§ **Exercise input**:
[Start of Attachment]
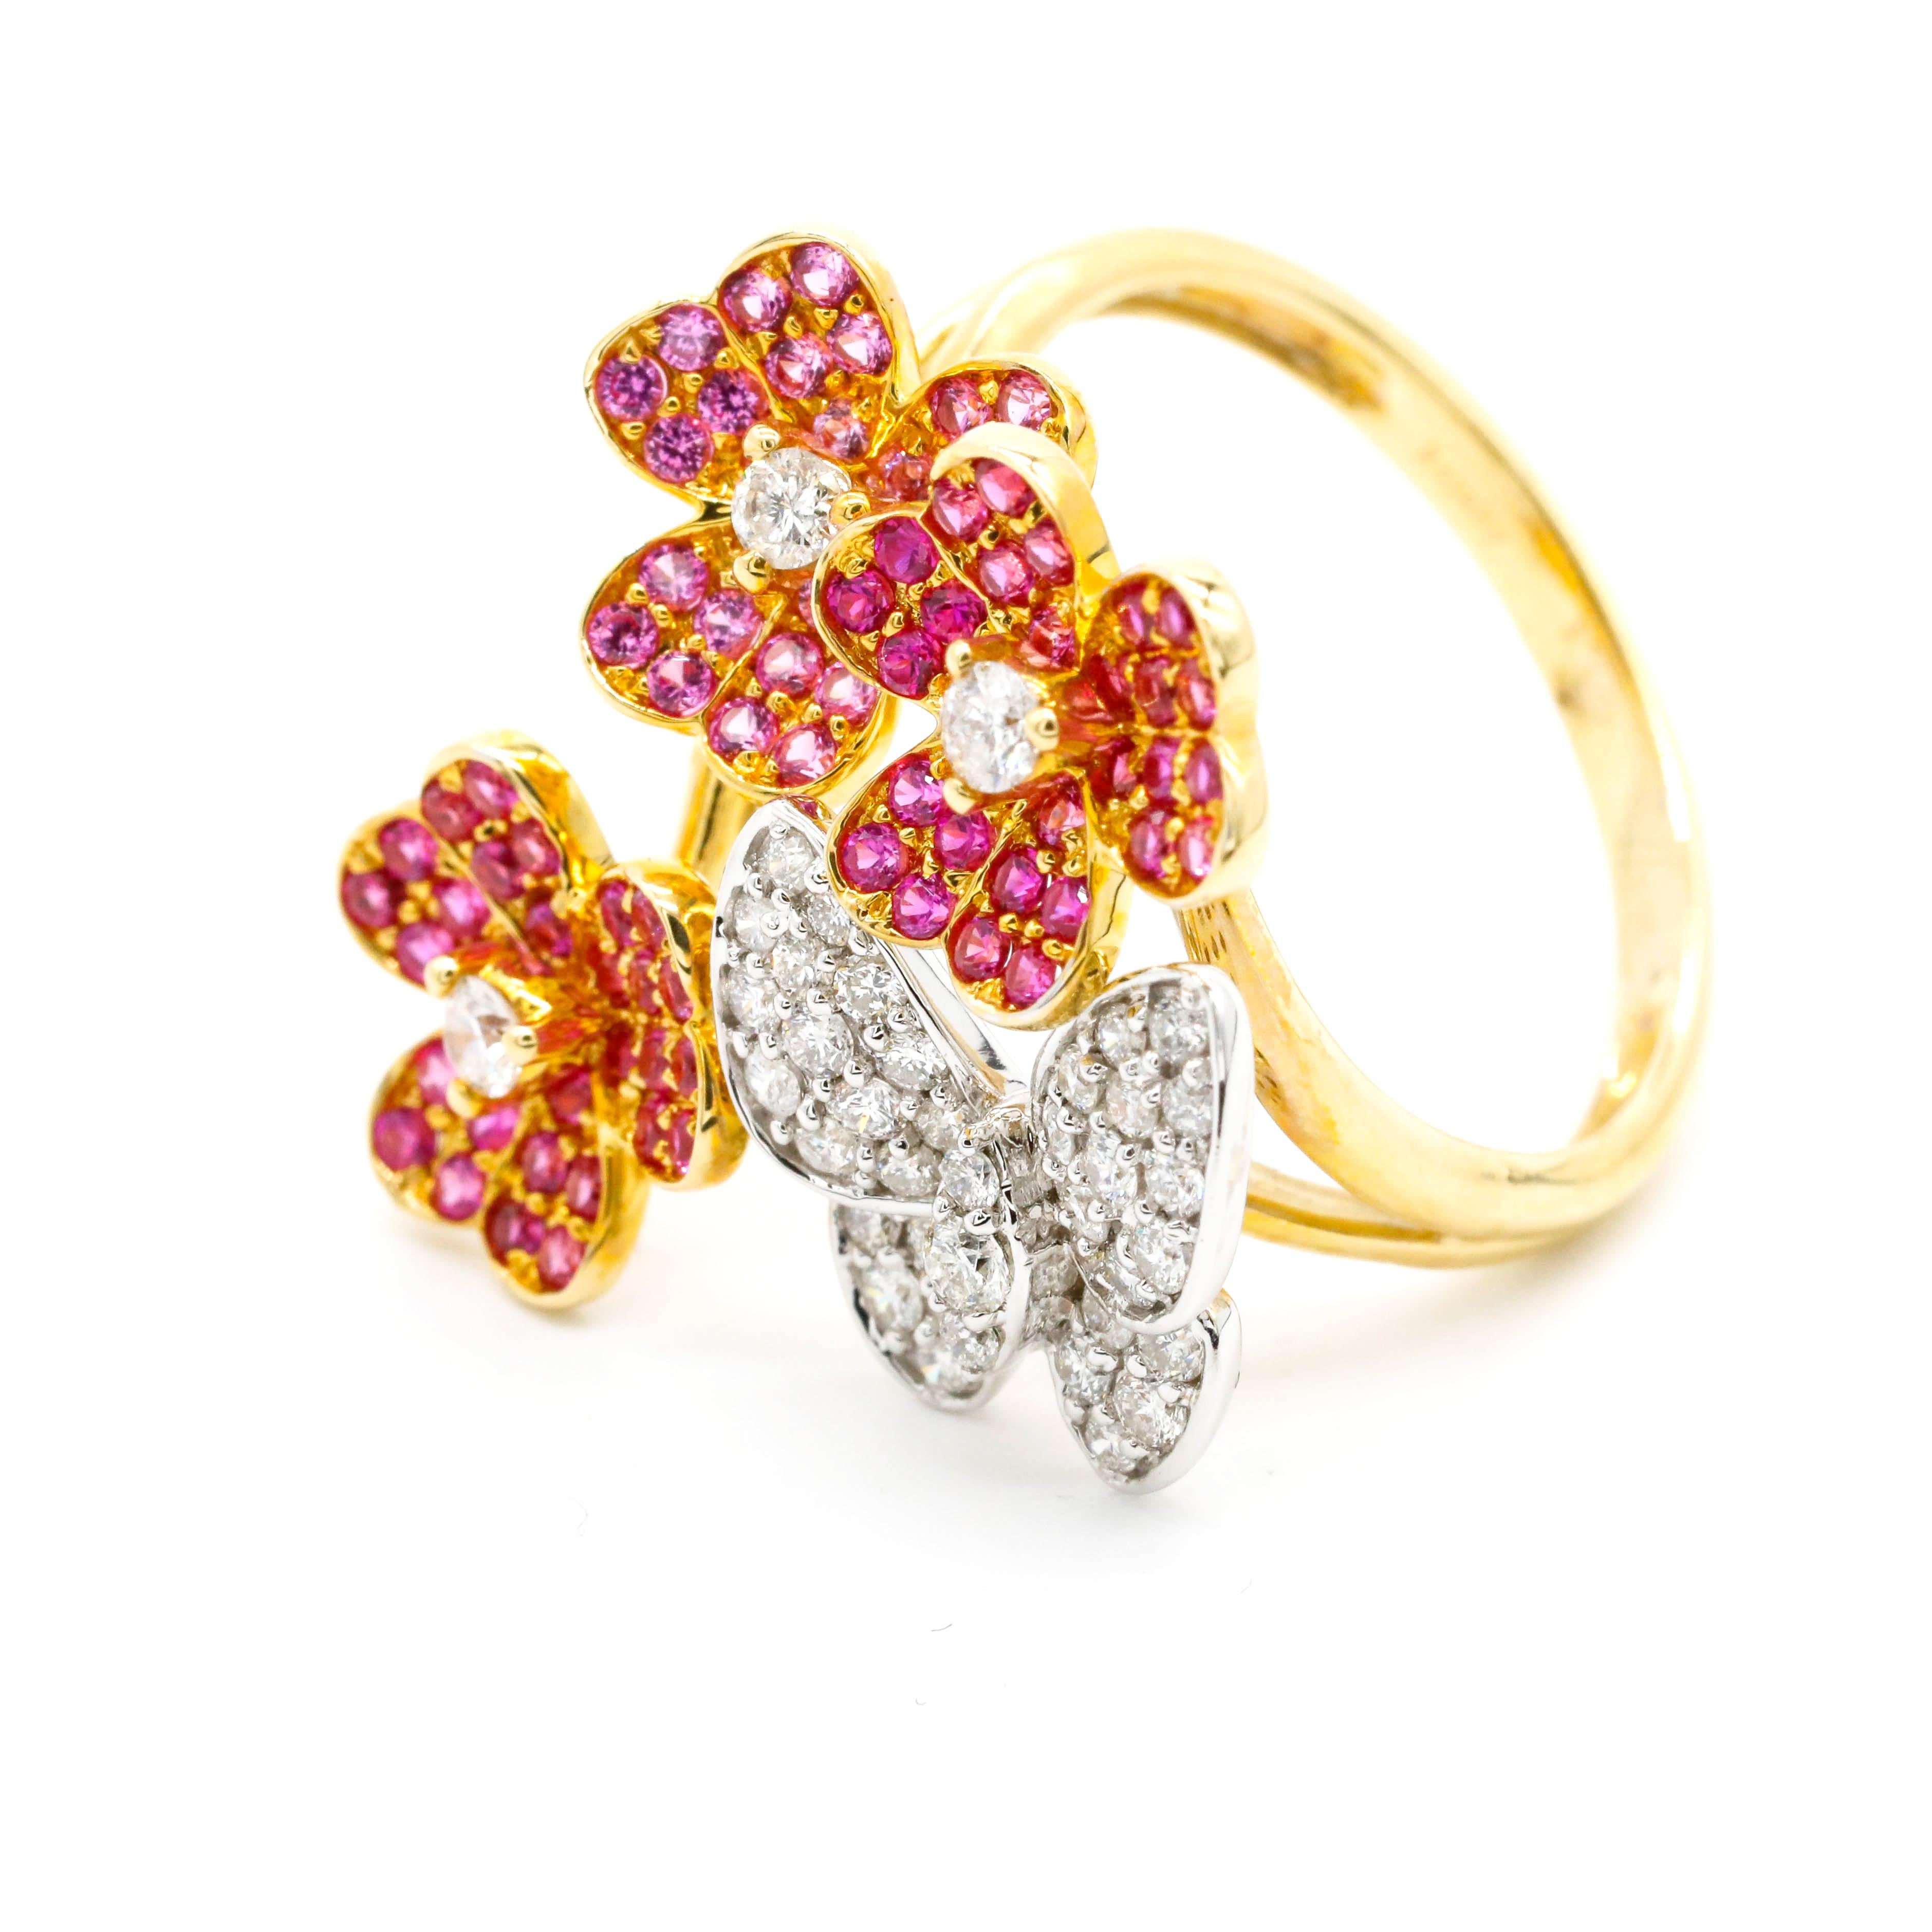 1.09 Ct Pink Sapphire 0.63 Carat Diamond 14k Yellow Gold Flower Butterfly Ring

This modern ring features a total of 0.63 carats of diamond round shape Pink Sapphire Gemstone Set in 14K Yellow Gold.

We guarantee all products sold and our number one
[End of Attachment]
[Start of Attachment]
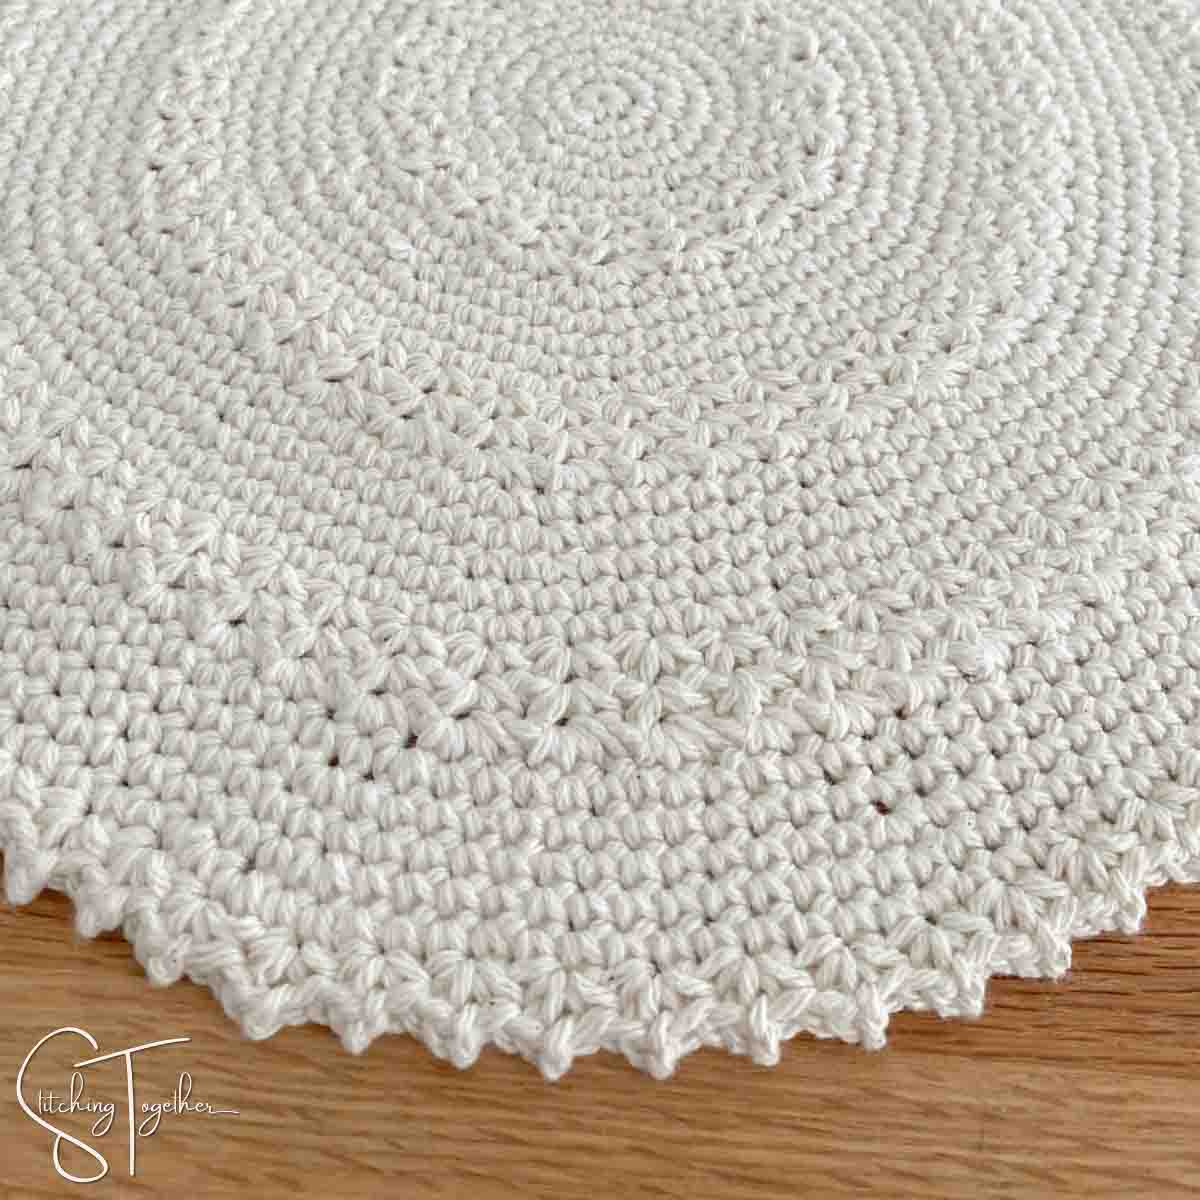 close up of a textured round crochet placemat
[End of Attachment]
§ **Exercise brief**: Copy only the lines above from the one containing "1.09 Ct Pink" through the one containing "We guarantee all", both included. Leave out the pictures.

§ **Reply to the exercise**:
 1.09 Ct Pink Sapphire 0.63 Carat Diamond 14k Yellow Gold Flower Butterfly Ring

This modern ring features a total of 0.63 carats of diamond round shape Pink Sapphire Gemstone Set in 14K Yellow Gold.

We guarantee all products sold and our number one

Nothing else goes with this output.